[foms] Proposal: adaptive streaming using open codecs
Frank Galligan
fgalligan at google.com
Mon Nov 22 20:31:23 PST 2010
On Wed, Nov 17, 2010 at 12:09 PM, Mark Watson <watsonm at netflix.com> wrote:
>
> On Nov 16, 2010, at 1:49 PM, Jean-Baptiste Kempf wrote:
>
> On Tue, Nov 16, 2010 at 07:29:21PM +0100, Pierre-Yves KEREMBELLEC wrote :
>
> - JSON for all manifest files (as it's easy to parse on any platform and
> heavily extensible)
>
>
> I disagree. Most software and hardware media players don't have any JSON
> code-related already.
>
> How is JSON so much better than XML?
> Many playlists are already XML based, I don't see where is the need to
> impose yet another format to parse to them?
>
>
> What is more important than the specific syntax (JSON, XML, M3U8 etc.) is
> the data model or abstract syntax. Once you have that you can map pretty
> easily to any specific syntax. It would be good to discuss what is needed at
> that level first.
>
> Roughly, something like the following:
> - some notion of <track> which is composed of one or more <stream>s (the
> specific terms can be changed).
> - A <track> is a single media type or interleaved combination of multiple
> types. The <stream>s it contains are different encodings of the exact same
> source media (so different audio languages are different <tracks>). If the
> <track> contains multiple media types every <stream> has all those media
> types interleaved i.e. all <stream>s contained interleaved media or no
> <stream>s contain interleaved media within a <track>. In the second case all
> the <stream>s in the track contain the same single media type.
>
[Frank]
I think this is good. I started working on a demo with a manifest file, but
I didn't correlate the streams from the same source like this. I just had
all the streams flat. I think what you proposed would work better.
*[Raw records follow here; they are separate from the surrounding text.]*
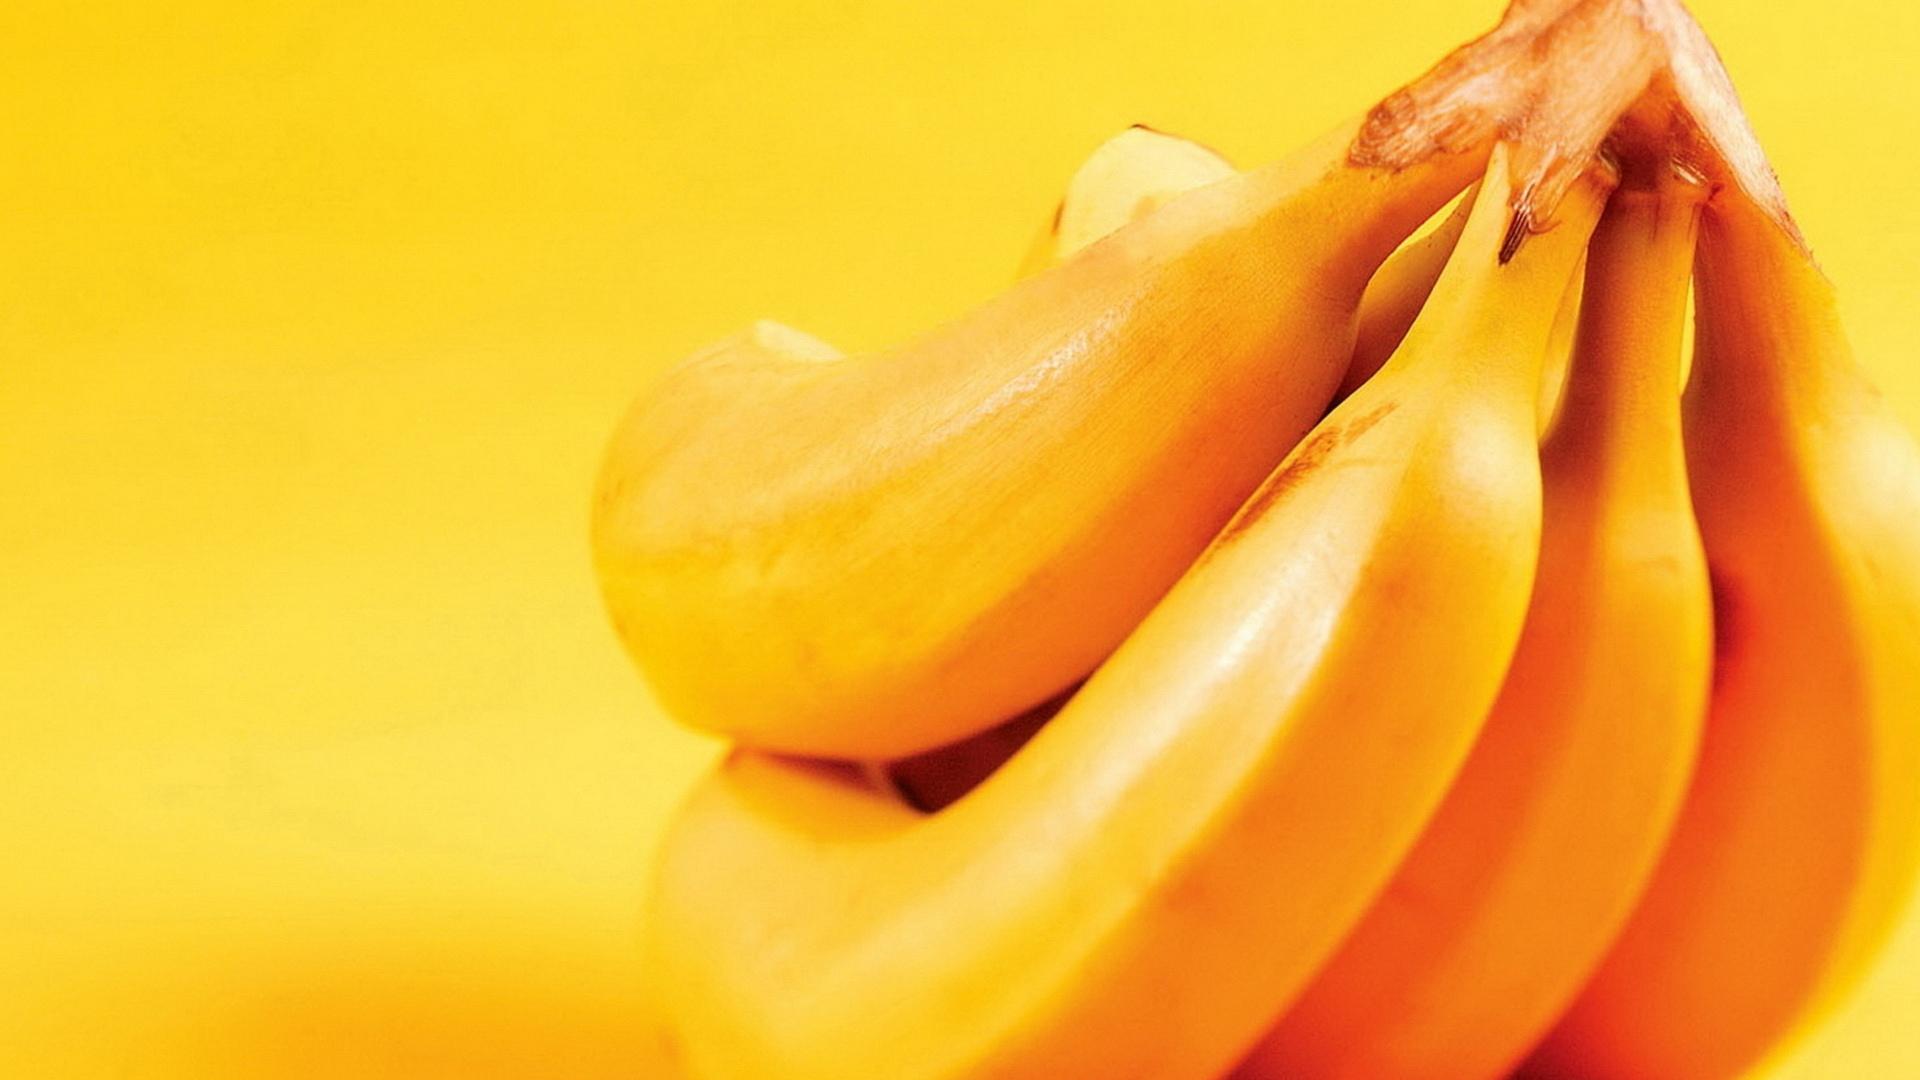 Yellow Banana Fruits Macro Wallpaper Yellow Background Wallpaper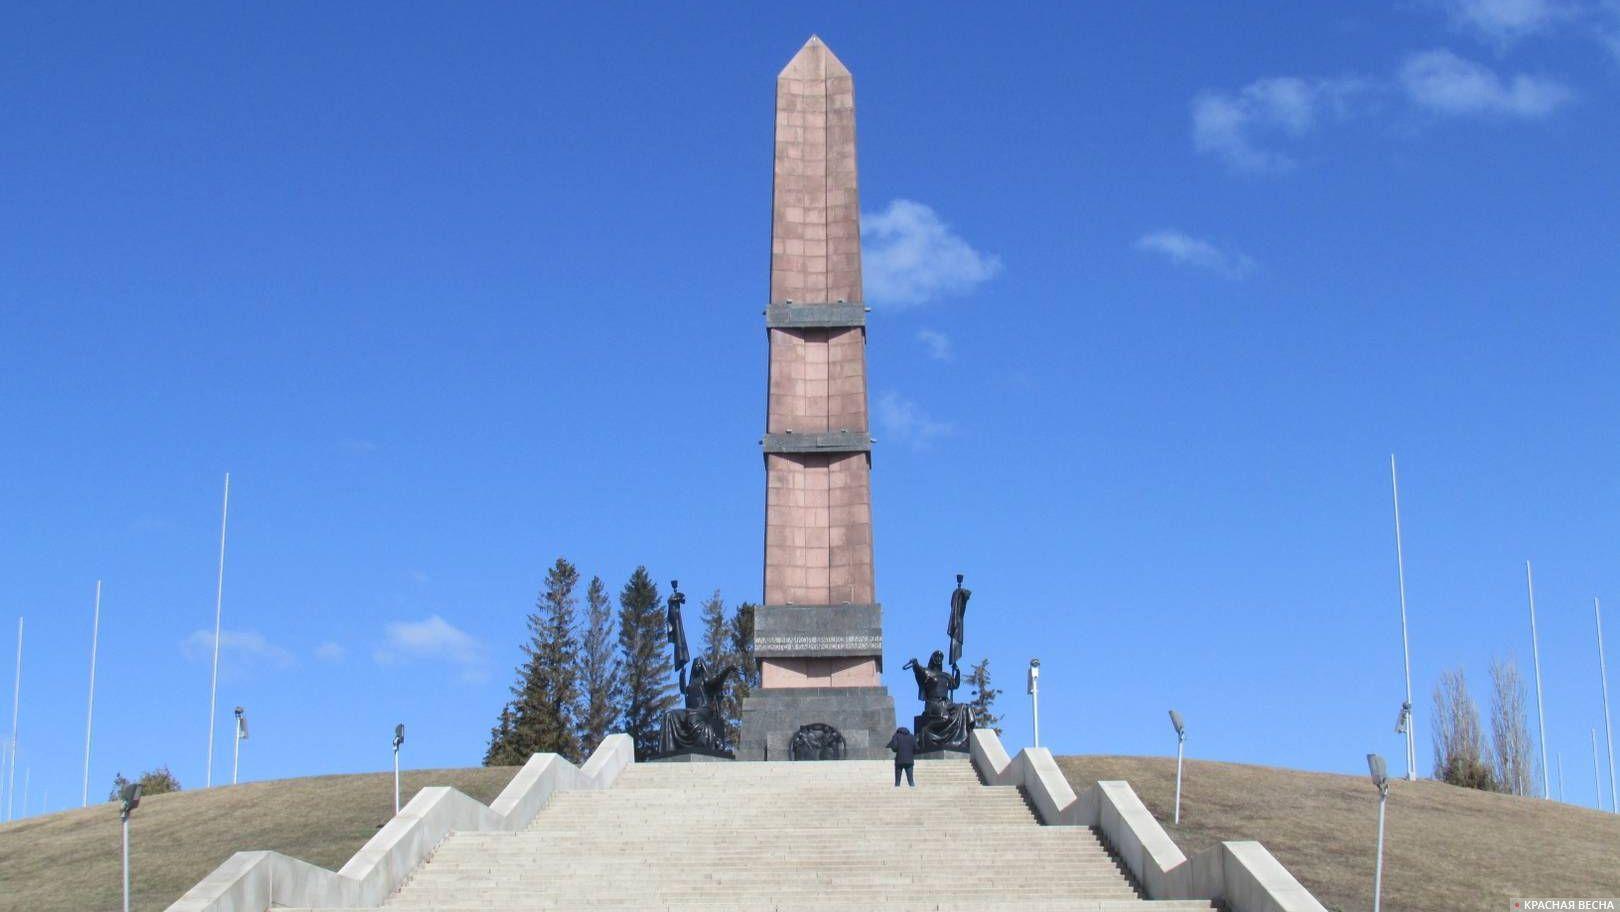 Монумент дружбы. Уфа. Республика Башкортостан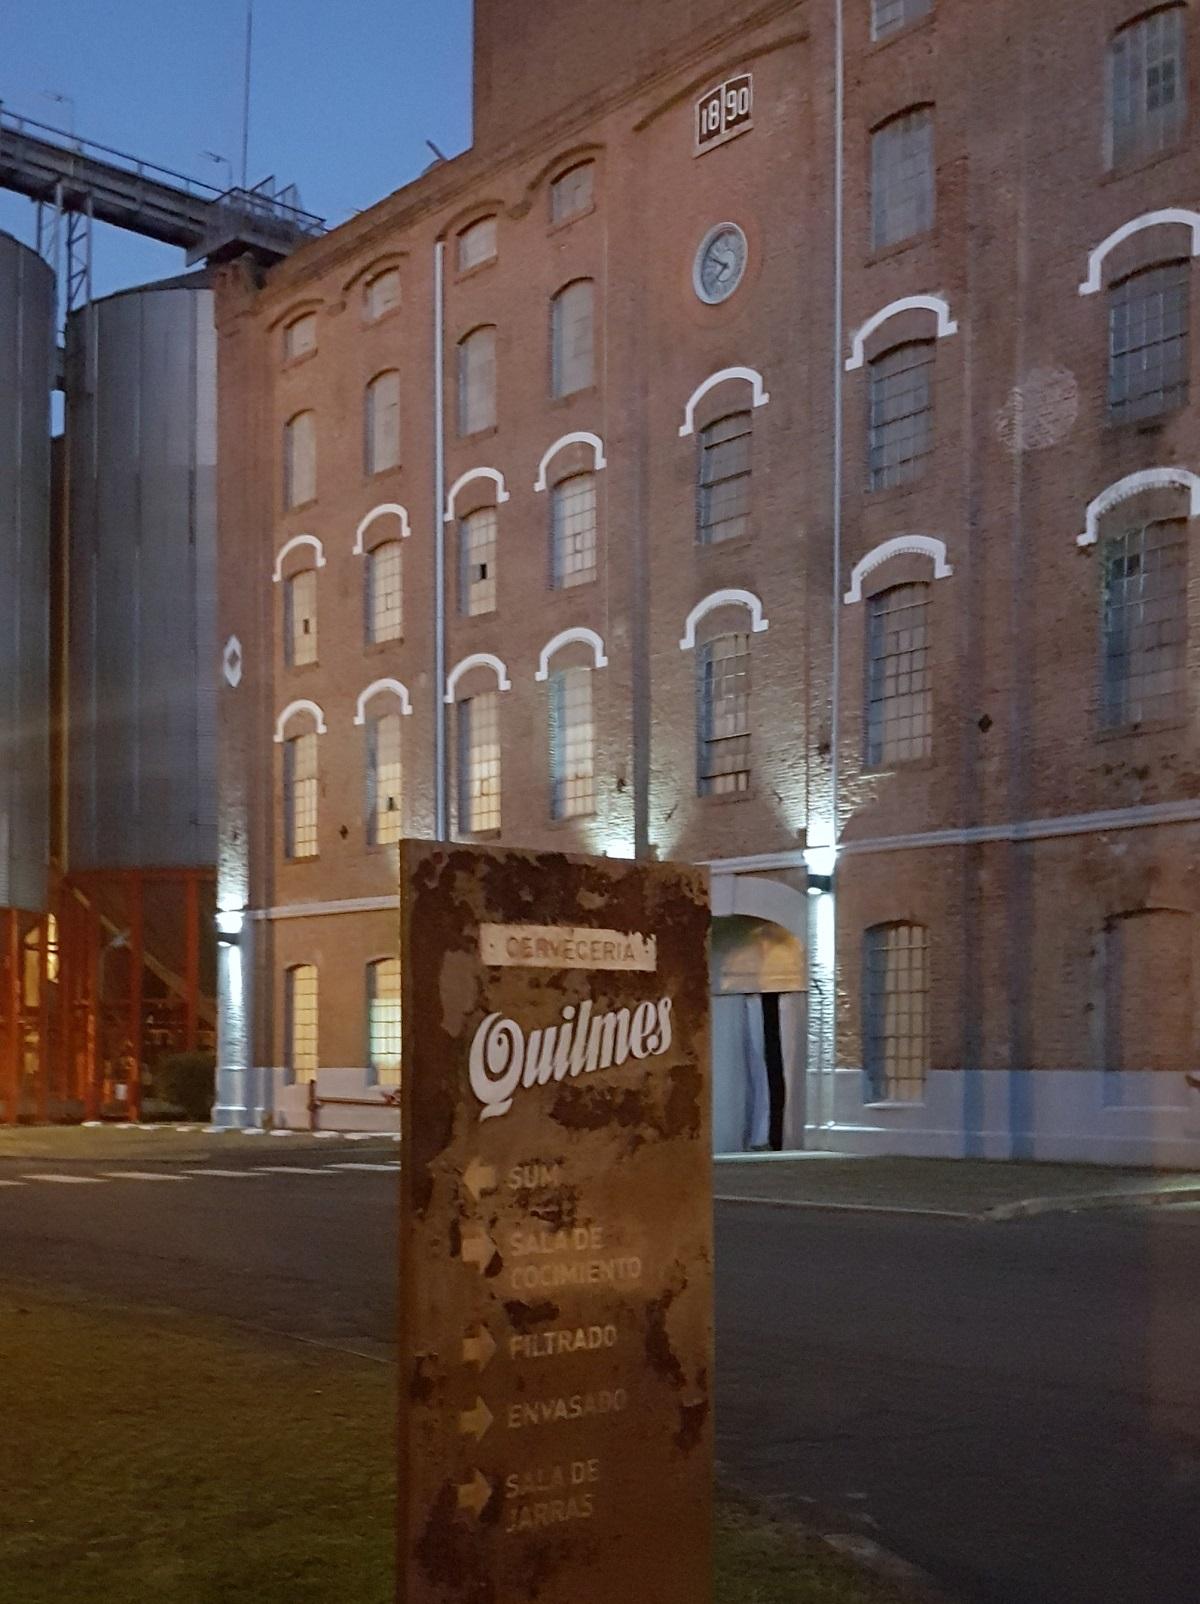 birra argentina quilmes storia azienda qualità

- a way to *annotate* both <track>s and <stream>s with their properties for
> *selection purposes*: file format, media type(s), codecs/profiles,
> language, video resolution, pixel aspect ratio, frame rate, bandwidth,
> accessibility type (e.g. audio description of video, sign language) or other
> track type info (e.g. directors commentary) (Maybe this is too many, but
> annotations like this are cheap - clients just ignore tracks with
> annotations they do not understand). If all the <stream>s in a track have
> the same value for an annotation then you can annotate the <track> otherwise
> annotate the <stream> (that is just an optimization).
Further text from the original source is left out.